Role Overview
We are looking for an experienced MLOps Lead with deep expertise in Azure and AWS cloud ecosystems , who can design, deploy, and manage scalable AI/ML infrastructure.
The ideal candidate should bring a strong background in cloud governance, GenAI tooling, automation, and CI/CD pipelines , with hands-on experience across modern MLOps frameworks.
Key Responsibilities
- Design, implement, and manage scalable cloud-based AI/ML infrastructure across Azure and AWS .
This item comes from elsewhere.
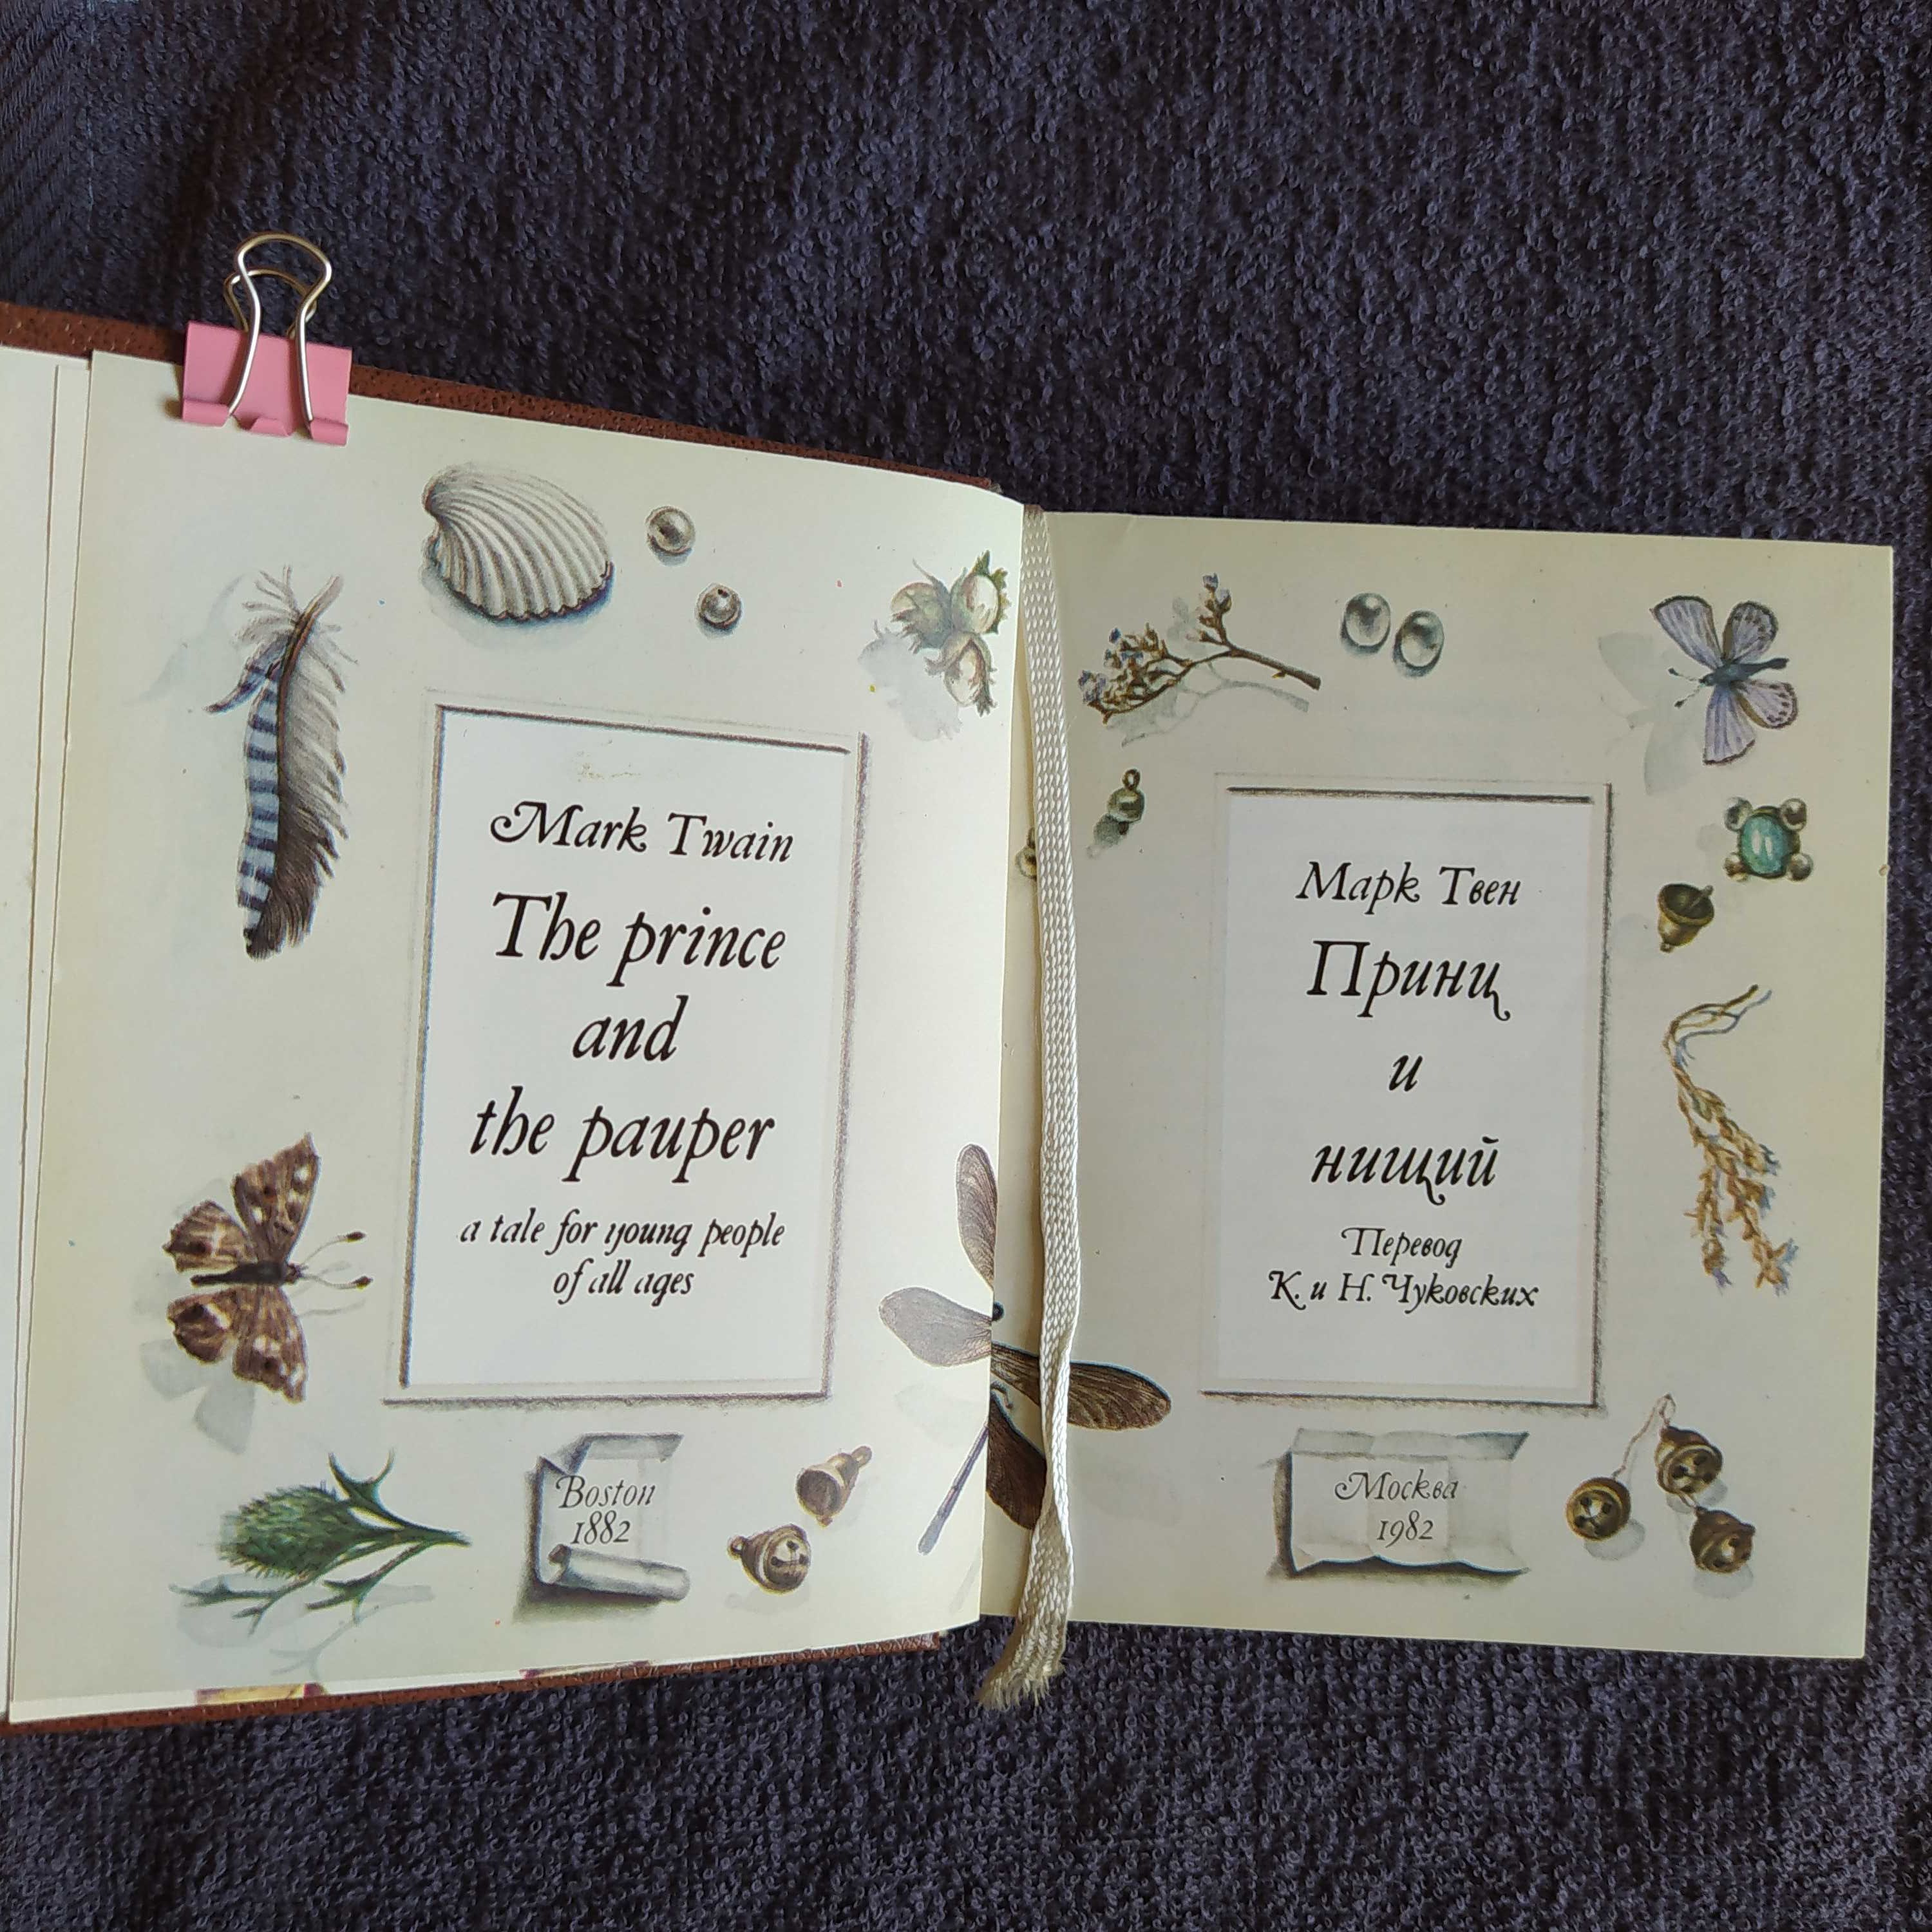 Книга Марк Твен Принц и нищий миниатюра 1982

- Drive end-to-end MLOps lifecycle — model deployment, monitoring, retraining, and governance.
- Enable GenAI and Agentic AI platforms leveraging Azure OpenAI, Bedrock, Anthropic Claude, LangChain, etc.
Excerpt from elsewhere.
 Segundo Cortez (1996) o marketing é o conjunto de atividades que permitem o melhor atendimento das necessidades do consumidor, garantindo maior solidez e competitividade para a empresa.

- Implement CI/CD pipelines using Azure DevOps or AWS CodePipeline.
- Ensure security, observability, and compliance across ML and GenAI ecosystems.
- Manage infrastructure automation via Terraform, Bicep, CloudFormation , or similar IaC tools.
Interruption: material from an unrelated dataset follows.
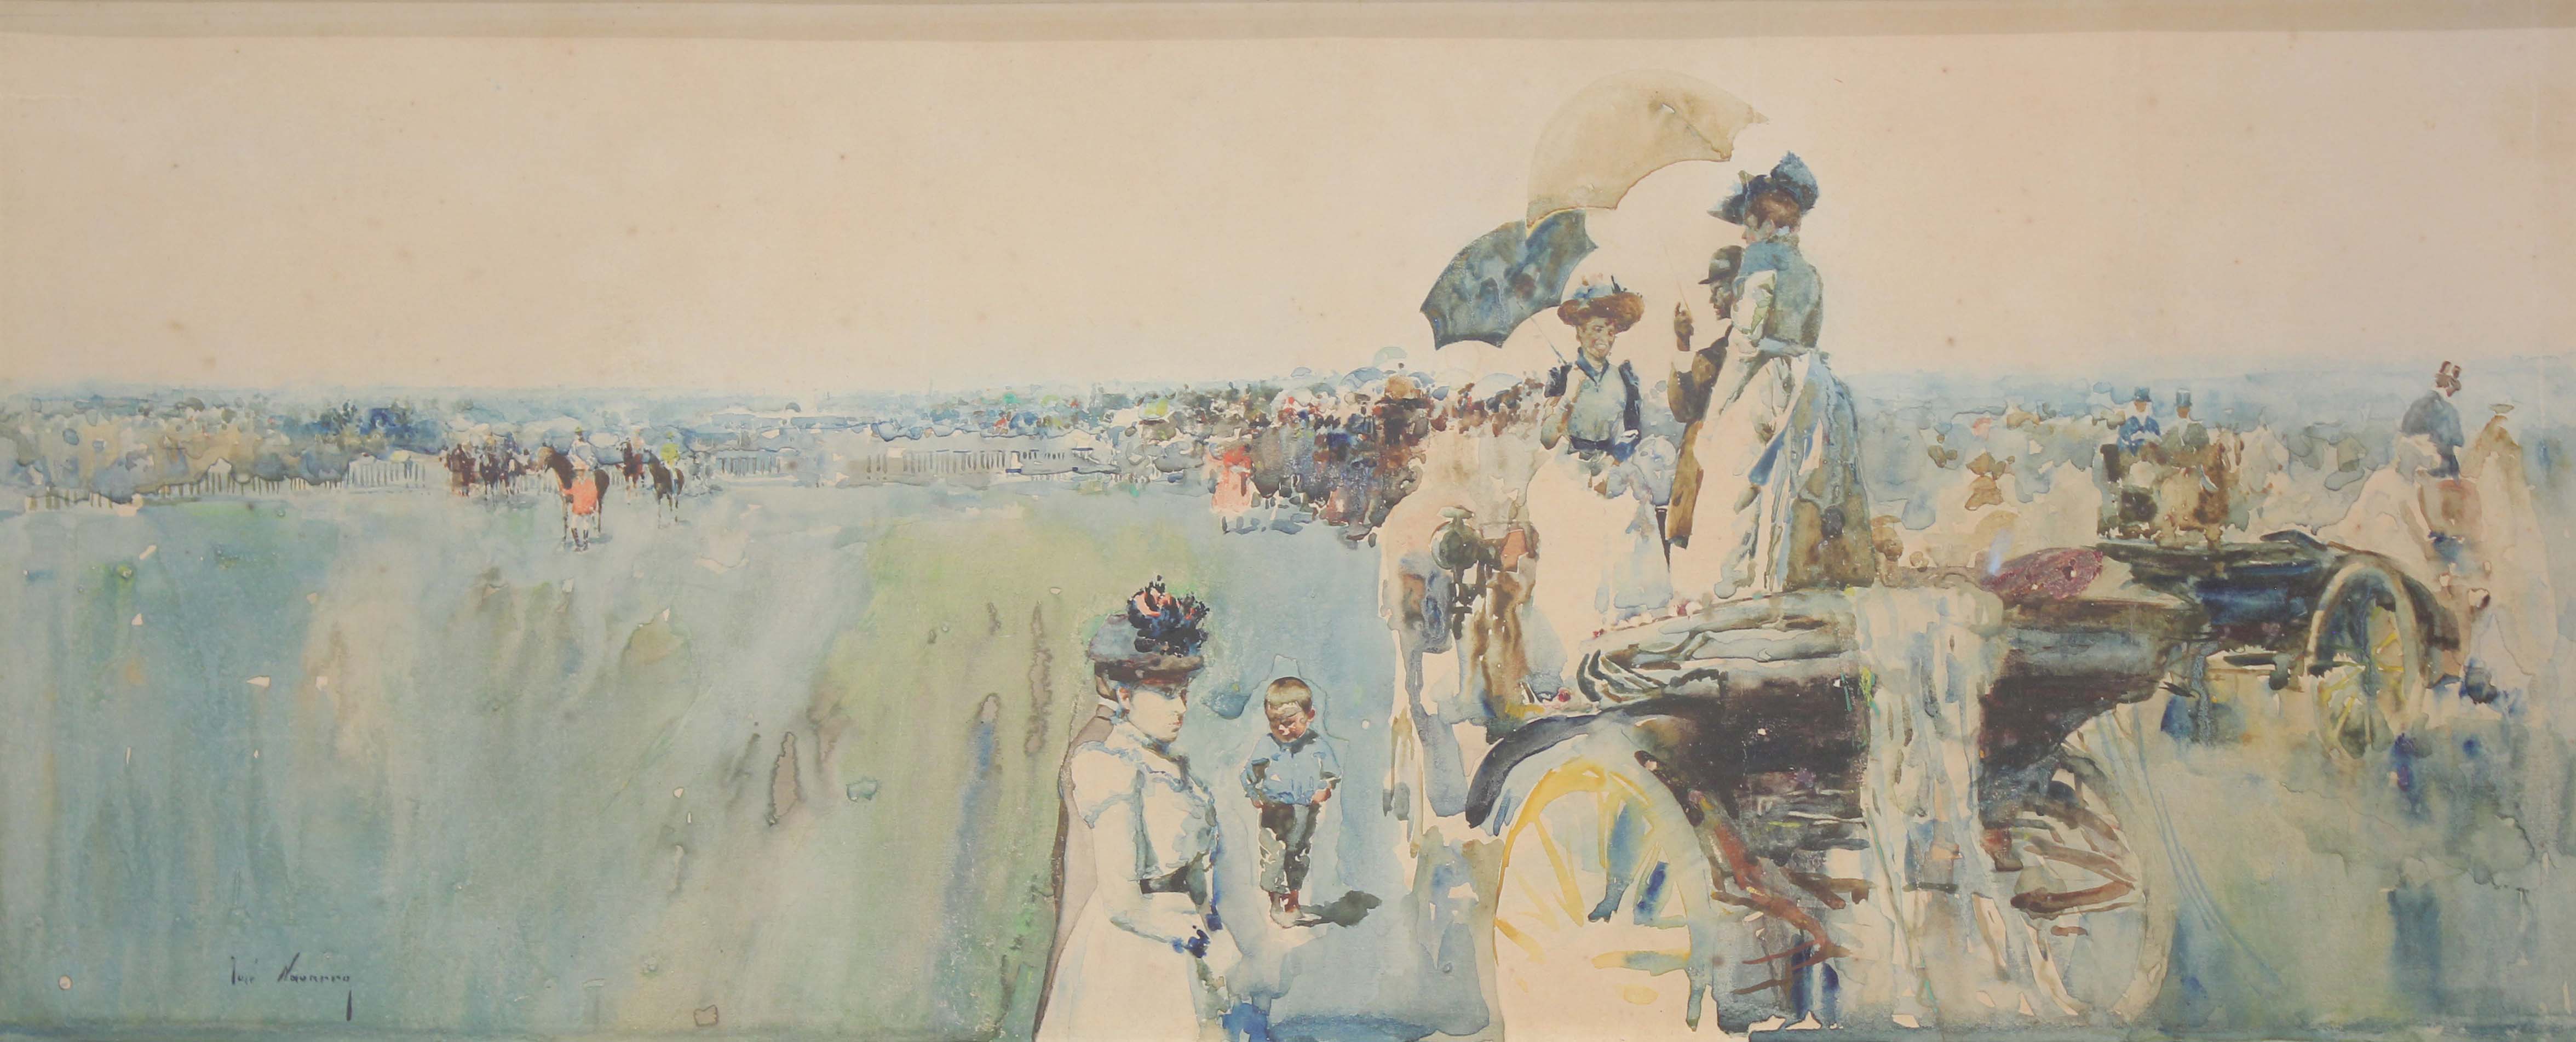 JOSÉ NAVARRO LLORENS (1867-1923). "AT THE HORSE RACES".

- Collaborate with data science and engineering teams to optimize ML workflows, data pipelines, and API integrations.
- Implement monitoring and alerting using Grafana, Prometheus, Azure Monitor, and Application Insights.
- Oversee networking, identity management, and role-based access controls (IAM, RBAC) across clouds.
- Support model lifecycle management — drift monitoring, retraining, technical evaluation, and business validation.
Technical Skills & Expertise
Cloud & MLOps Platforms
- Azure: Azure ML, Azure AI Services, Azure OpenAI, Azure Kubernetes Service (AKS), Databricks, Azure Search, Azure Blob, Cosmos DB, Azure SQL, Azure Functions, Azure Event Hub, Azure Resource Manager (ARM), Bicep.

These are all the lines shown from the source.